Action item ->
The pictures get dropped, while every remaining part of the listing is copied exactly.

Provided material ->
------------------------------------------------------------------------

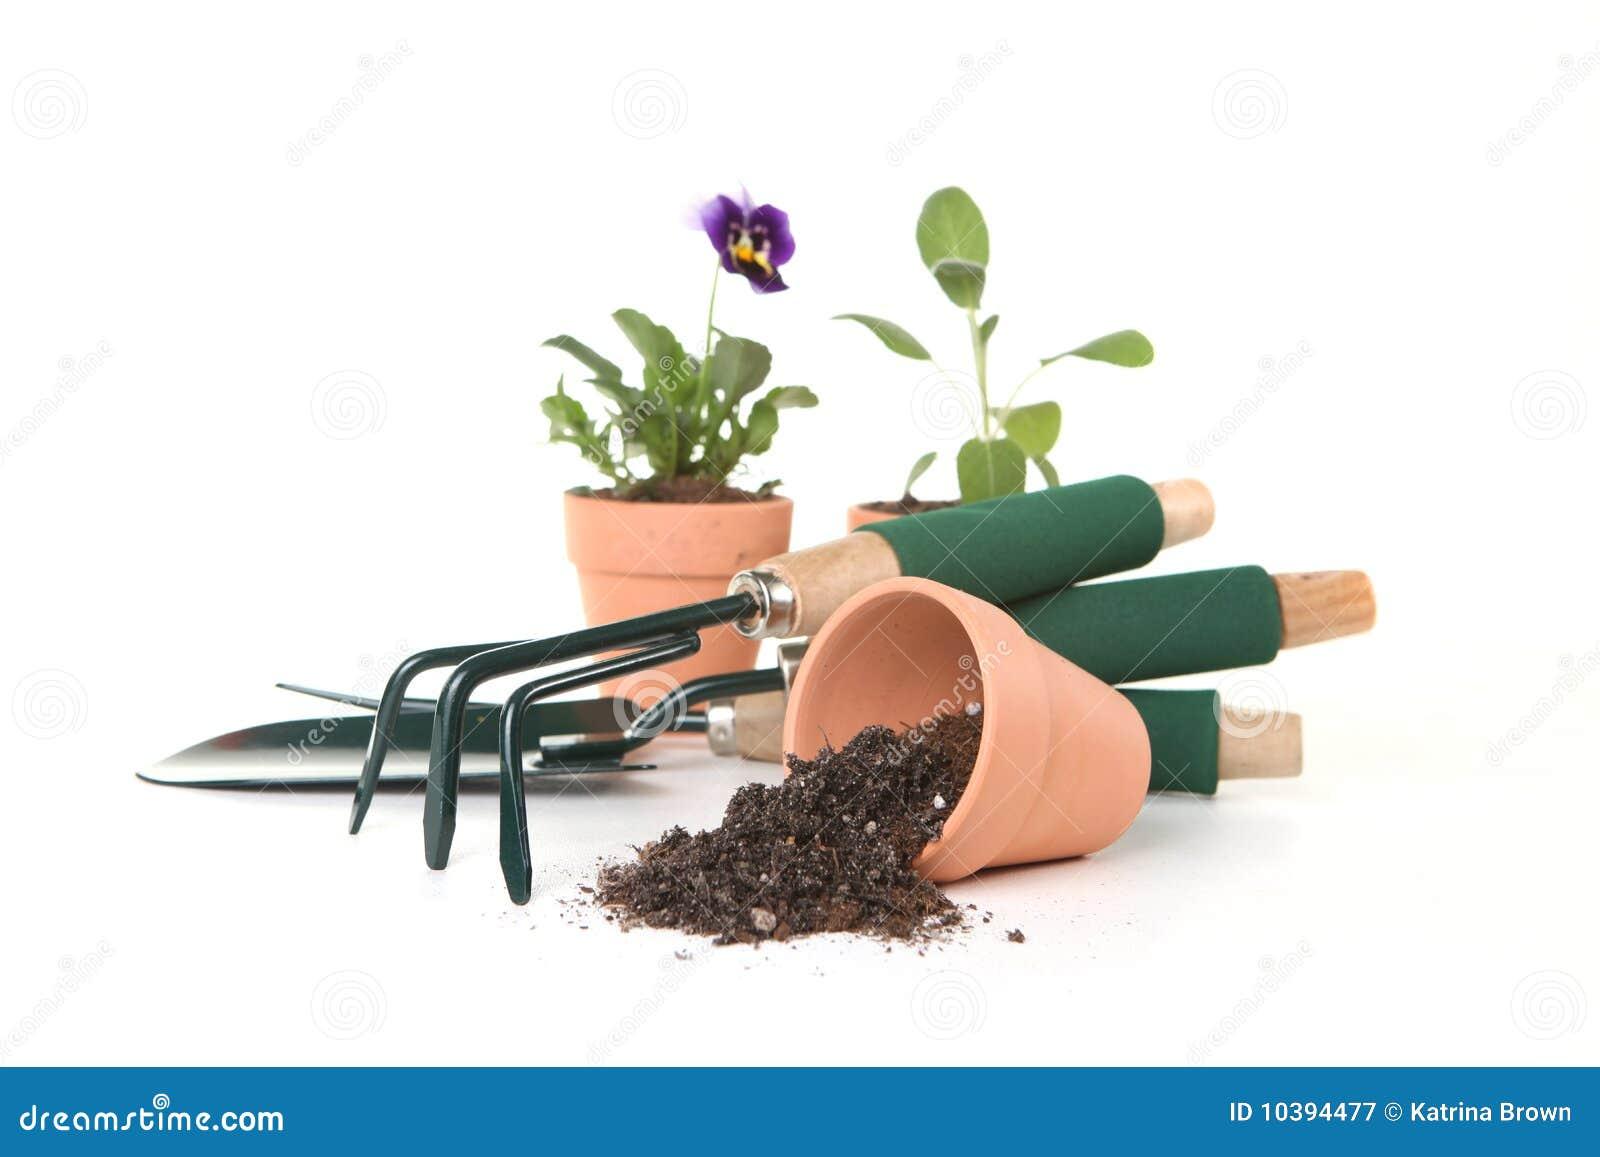 Gardening Tools On White Background Stock Image Image
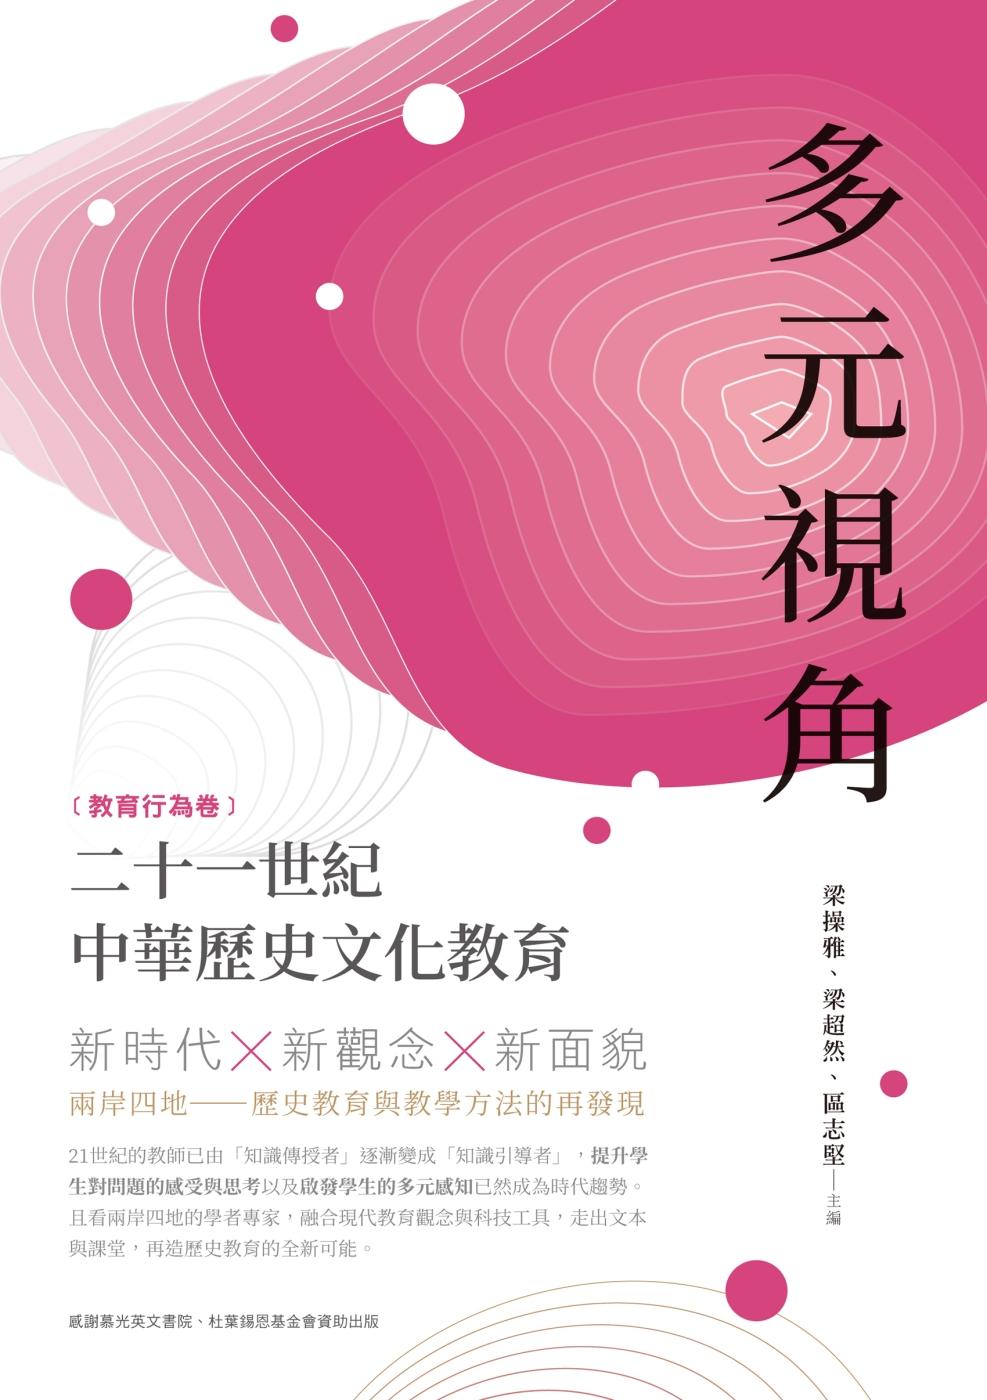 多元視角:二十一世紀中華歷史文化教育(教育行為卷)
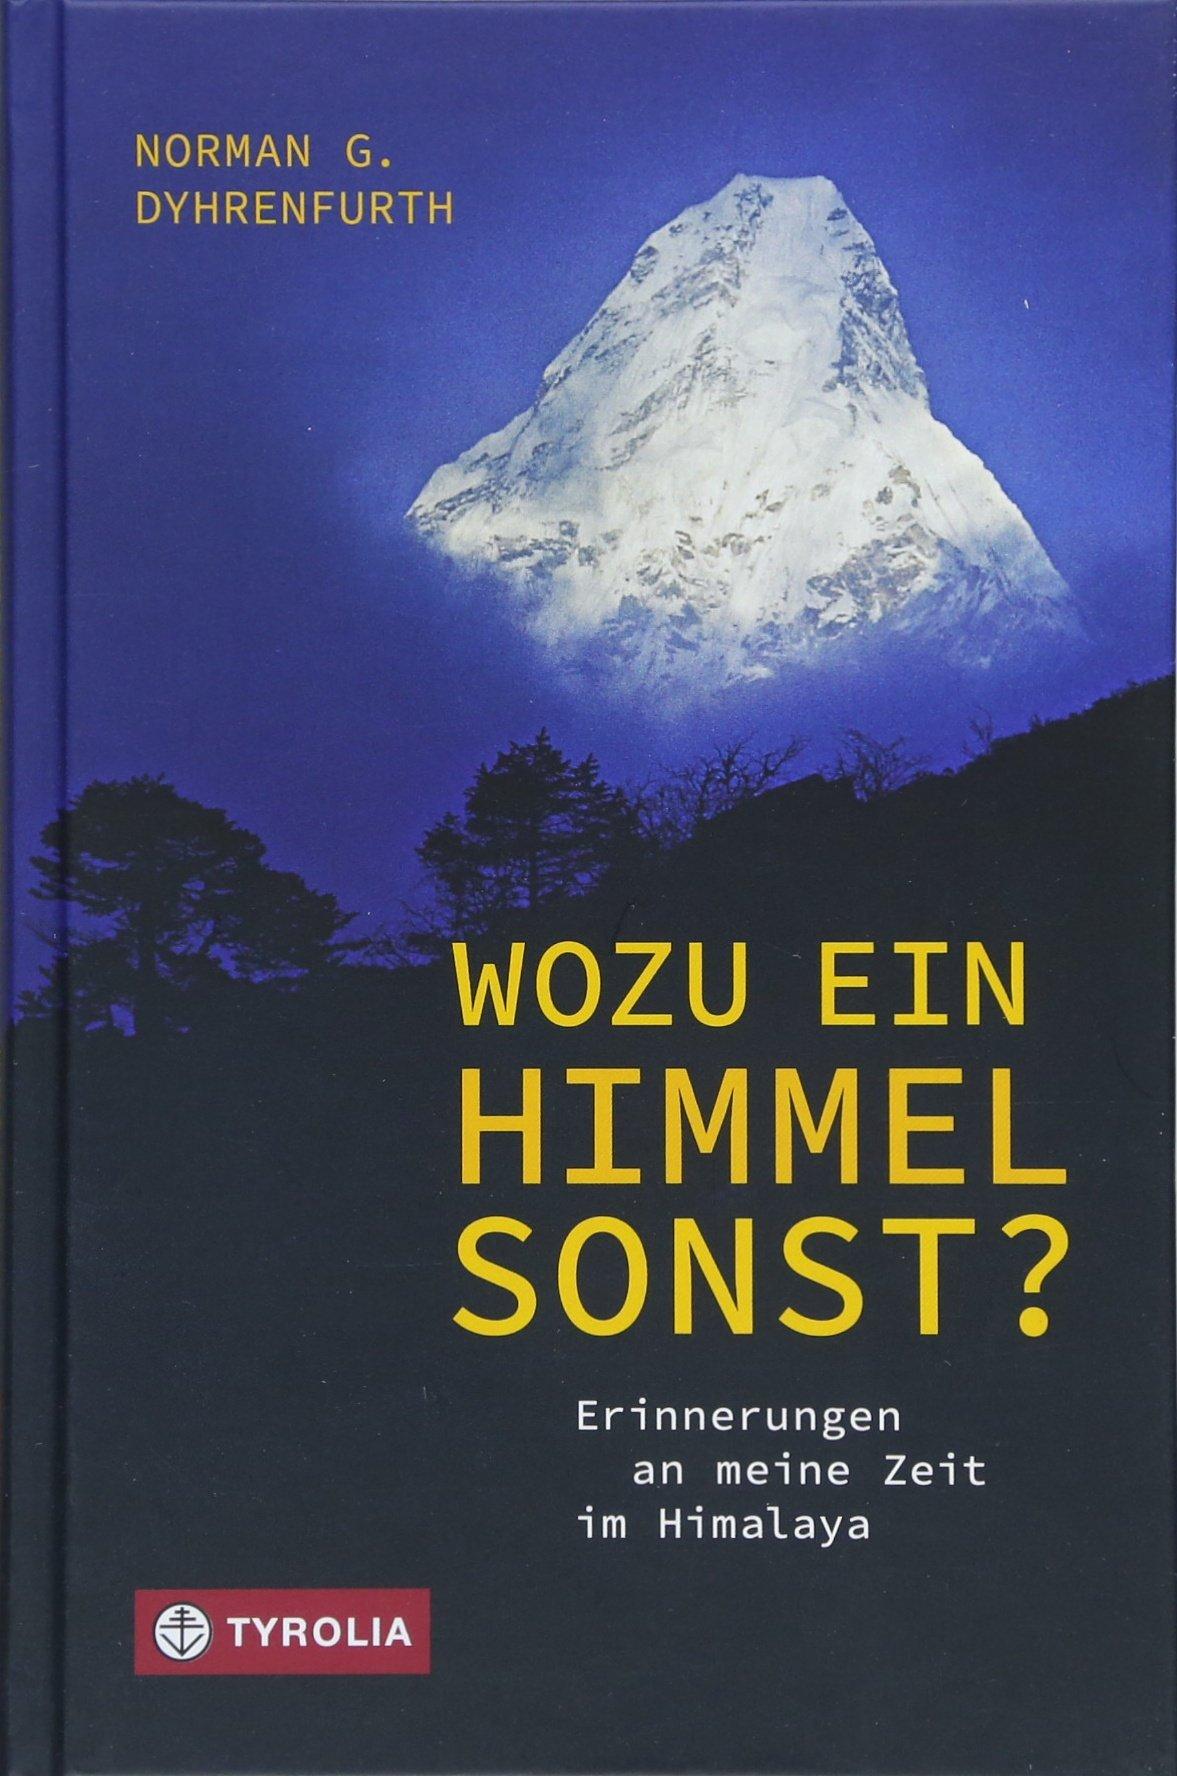 Wozu ein Himmel sonst?: Erinnerungen an meine Zeit im Himalaya. Mit einem Vorwort von Ed Webster und einem Lebensbild von Dr. Michael Bilic

------------------------------------------------------------------------

Response below ->
 Gardening Tools On White Background Stock Image Image
 多元視角:二十一世紀中華歷史文化教育(教育行為卷)
 Wozu ein Himmel sonst?: Erinnerungen an meine Zeit im Himalaya. Mit einem Vorwort von Ed Webster und einem Lebensbild von Dr. Michael Bilic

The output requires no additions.